# New Cross bike, GT GTR Type CX



## bbtheory (May 24, 2007)

Just picked up this cross bike for riding around on the local trails. I was very impressed with the components on this bike at the price, and it seemed pretty light for a cross bike too, when I got it home I added some eggbeater pedals and the weight was just over 20lbs...

The bike rides great and the rival components and Vista SL wheels are sweet. Bike also comes with a nice Easton cockpit and seatpost, the only thing I did was add pedals and put on my saddle of choice, a Specialized Toupe.


----------



## shomyoface (Nov 24, 2007)

.....looks like you could get under 20 lbs by removing the spacers and cutting the steer tube?! Looks a nice ride, glad to see GT back in the mix...............thanks for supporting their return.


----------



## Float (May 27, 2005)

Yellow HUDZ and white bar tape - PRO

I'm running Easton Circuits and just ordered their bearing drift due to some very minor play in the hub. I'm heavy and ride really hard. My wheels have held up nicely! 

Those tires look fat - They sit on the rim o.k.?


----------



## Lord Taipan (Aug 10, 2006)

Nice bike!! Do you have a really long torso?


----------



## 45K10 (May 1, 2008)

I am in the market for a new cross bike for my girlfriend and the gt looks pretty good.
Where did you get? What price range?


----------



## bbtheory (May 24, 2007)

Lord Taipan said:


> Nice bike!! Do you have a really long torso?


No but the seatpost is low in the picture, I moved it up about an inch or so. The top tube is only 53cm, and the stock stem is pretty short, this is a size small.
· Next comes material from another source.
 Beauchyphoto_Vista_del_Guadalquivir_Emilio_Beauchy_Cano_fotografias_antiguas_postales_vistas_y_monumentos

The tires are also stock, they don't seem that wide to me, says they are 35c, they seem to work just fine.


----------



## bbtheory (May 24, 2007)

45K10 said:


> I am in the market for a new cross bike for my girlfriend and the gt looks pretty good.
> Where did you get? What price range?


I got it at Performance bike which is the local GT dealer in my area. They had them for $1499.00 but I got it for 10% less than that!


----------



## aidforosker (Mar 26, 2008)

just posted a response on WW hahah . saw it there first!


----------